During the course, the students will relate and work with the (changing) nature of database use and design, including:
• Data purpose, representation and modelling
• Data collection, retrieval, and storage
• Data Engineering and Data Processes
• Architecture of Unbundled Data Systems
Python programming is a prerequisite.
This course is part of the second semester in the bachelor's degree in Global Business Informatics.
Intended learning outcomes
After the course, the student should be able to:
- Explain the difference between the relational and non-relational data models
- Describe the architecture and components of a database system
- Design an ER model and a relational model in a concrete scenario
- Define SQL queries in a concrete scenario
- Define Python programme for batch data processing
- Design a data management process
- Explain the difference between different data sourcing methods
Lectures and exercises. The exercises will essentially be based on statistical analysis of collected crowdsourcing data and programming tasks, in Python and SQL.
The Data Revolution: Big Data, Open Data, Data Infrastructures and Their Consequences.

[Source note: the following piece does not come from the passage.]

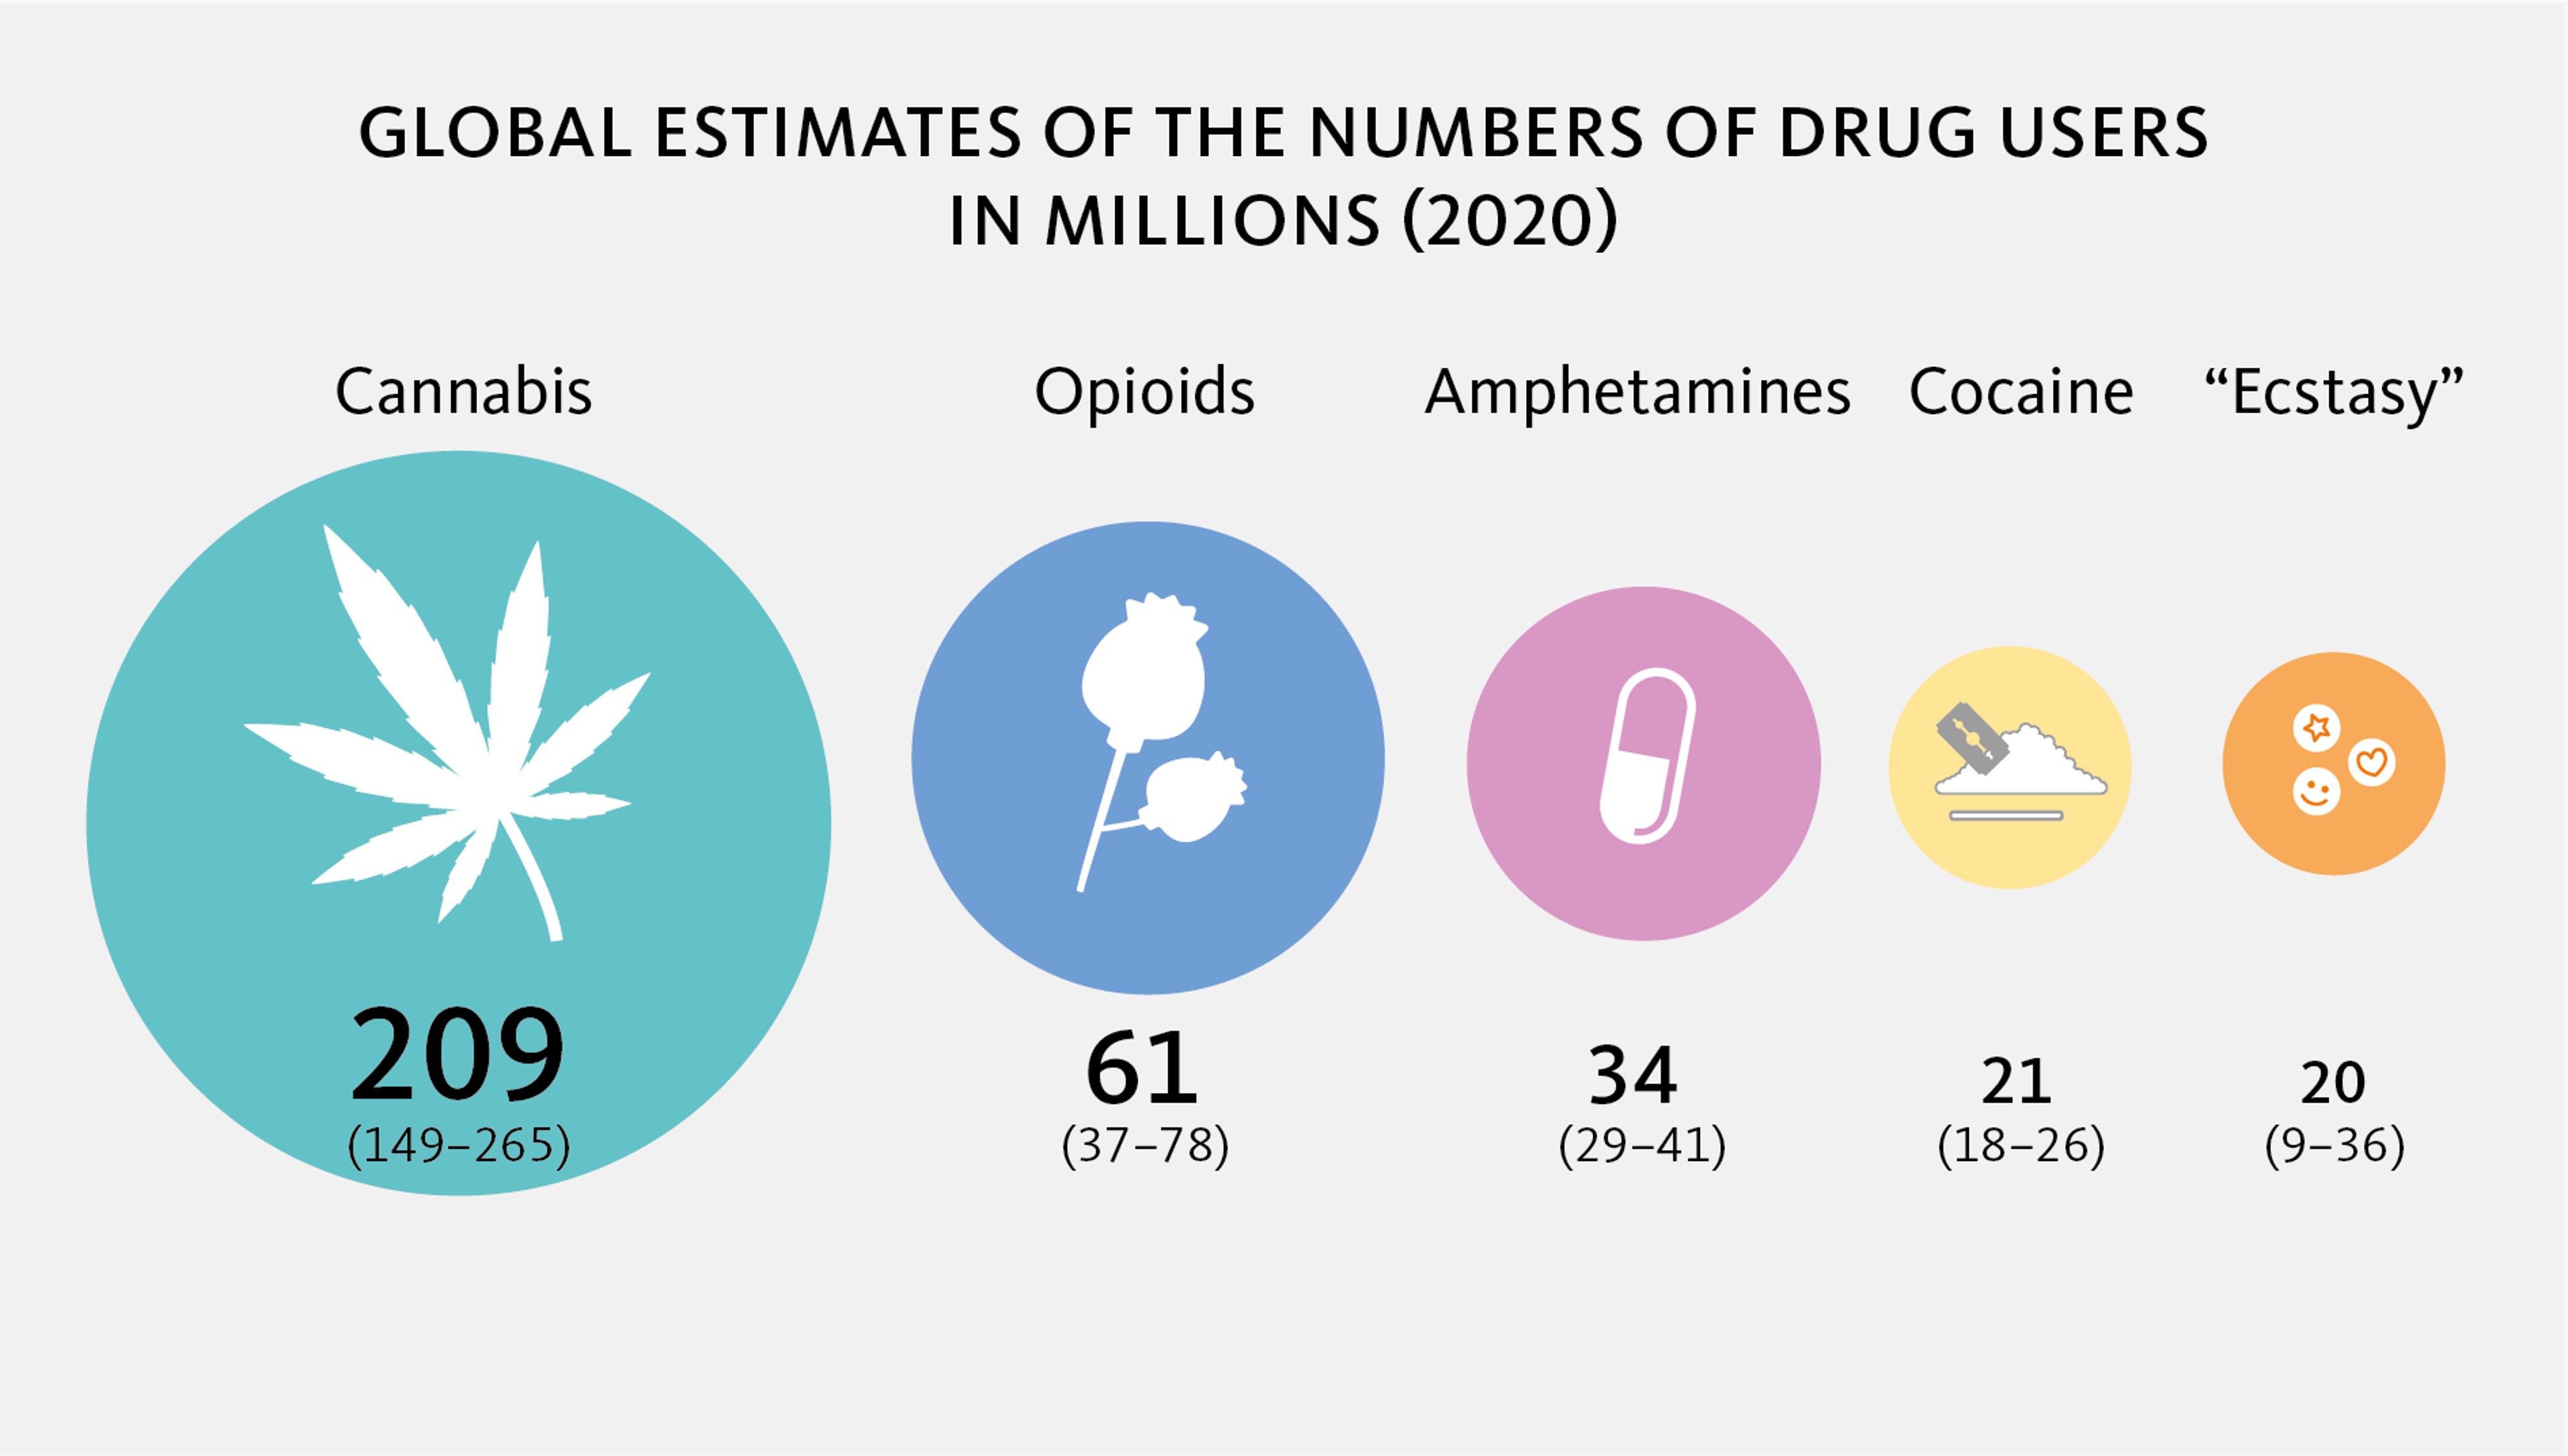 Global estimates of drug users in 2020

Author: Rob Kitchin, R., 1st Edition.
Database Systems: Design, Implementation, & Management.
Authors: Carlos Coronel, Steven
Morris, 13th Edition.
Plus uploaded readings to course page in LearnIT.
Student Activity BudgetEstimated distribution of learning activities for the typical student
- Preparation for lectures and exercises: 40%
- Lectures: 20%
- Exercises: 20%
- Exam with preparation: 20%
Ordinary examExam type:
C: Submission of written work, Internal (7-point scale)
C1G: Submission of written work for groups
Size of written product: Max. 20 pages
The project size should be:
1 student: max 10 standard pages
2 students: max 15 standard pages
3 students: max 20 standard pages
The exam is a case-based project.
The students will apply the learned data engineering techniques learned in the course to a case challenge.
The product should result in a written assignment for an external public or private sector business partner with key emphasis on building a database and solve a problem through selected engineering techniques.
- The assignment must be written in groups of 1-3 members, but is graded individually. It must therefore be clearly identified in the paper which student is responsible for which parts of the paper or if the students have contributed equally to all parts of the paper.
The project can be written individually.